Question

A spherical ball of mass \( 20 \) kg is stationary at the top of a hill of height \( 100 \) m. It rolls down a smooth surface to the ground, then climbs up another hill of height \( 30 \) m and finally rolls down to a horizontal base at a height of \( 20 \) m above the ground.

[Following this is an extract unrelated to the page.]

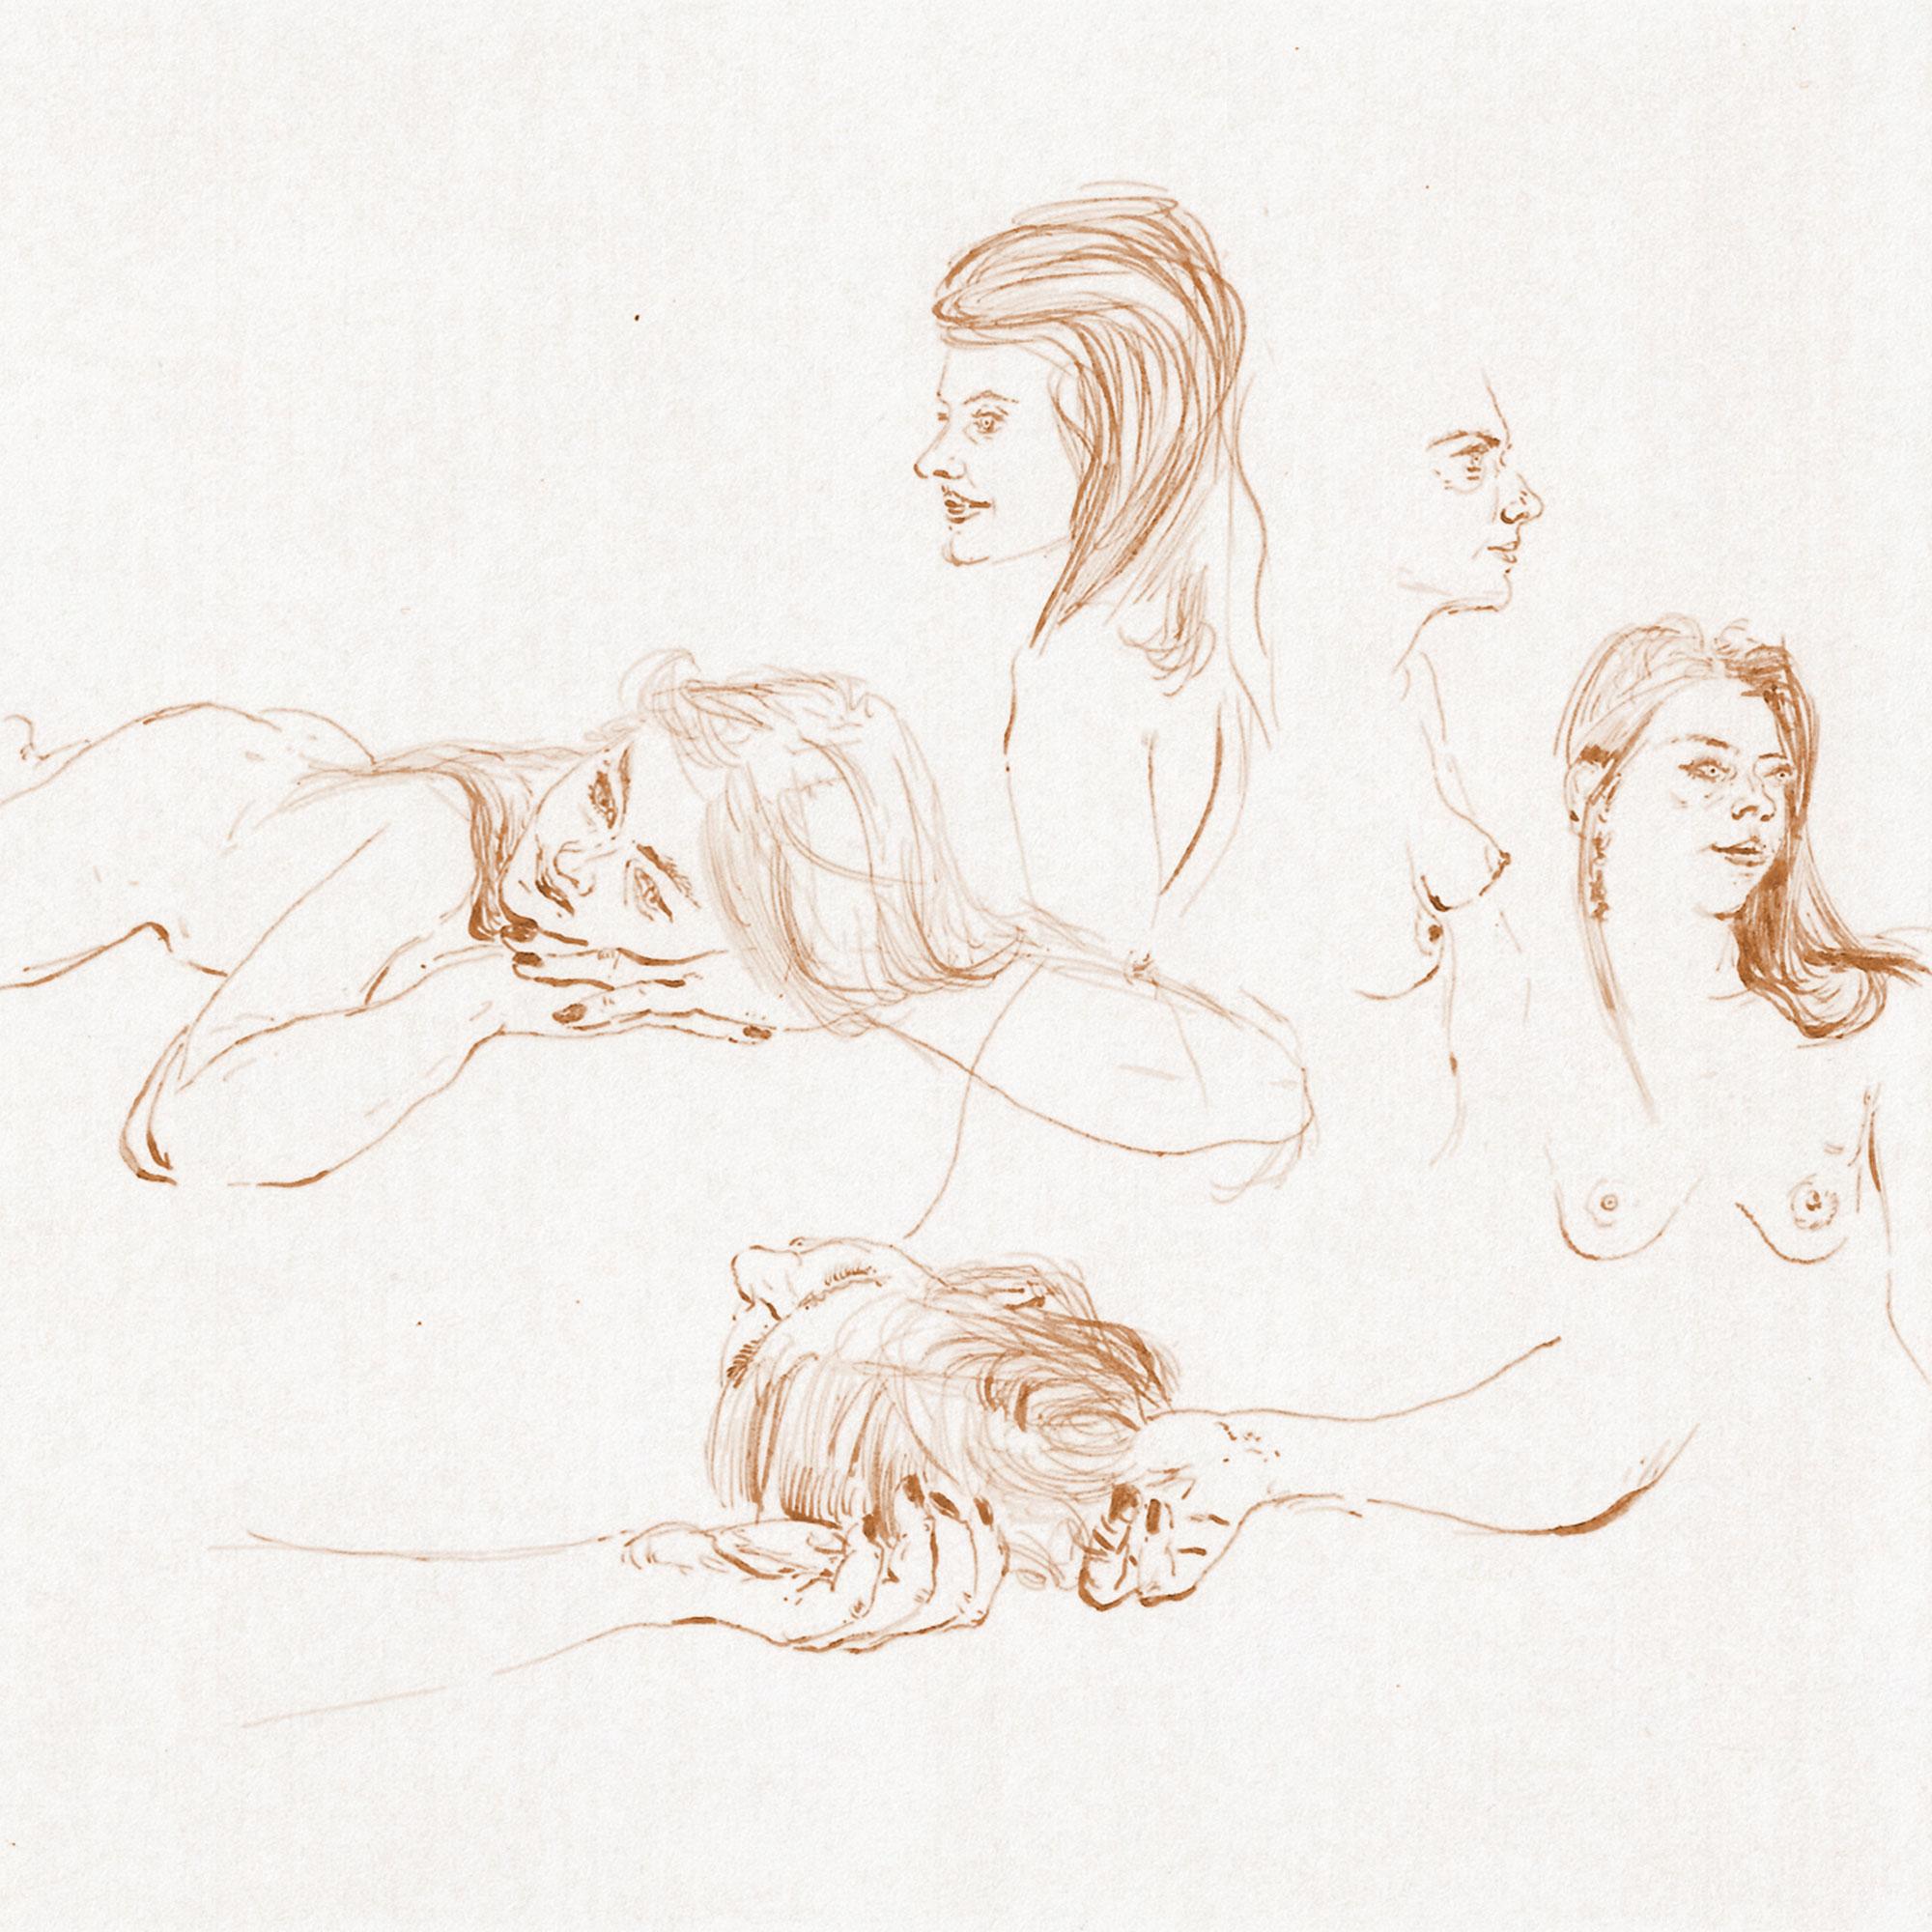 Women study 1 June 15

The velocity attained by the ball is:

• A. \( 20 \) m/s
• B. \( 40 \) m/s
• C. \( 10\sqrt{30} \) m/s
• D. \( 10 \) m/s

Hint:

For energy conservation in rolling motion, consider both translational and potential energy.

Answer 1

The Correct Option is B

Step 1: Apply conservation of energy. \[ m g h_{{initial}} = \frac{1}{2} m v^2 + mg h_{{final}} \] Cancel \( m \): \[ g h_{{initial}} = \frac{1}{2} v^2 + g h_{{final}} \] Substitute known values: \[ (10 \times 100) = \frac{1}{2} v^2 + (10 \times 20) \] \[ 1000 = \frac{1}{2} v^2 + 200 \] Isolate \( \frac{1}{2} v^2 \): \[ \frac{1}{2} v^2 = 800 \] Solve for \( v \): \[ v = \sqrt{1600} = 40 { m/s} \] The velocity is 40 m/s.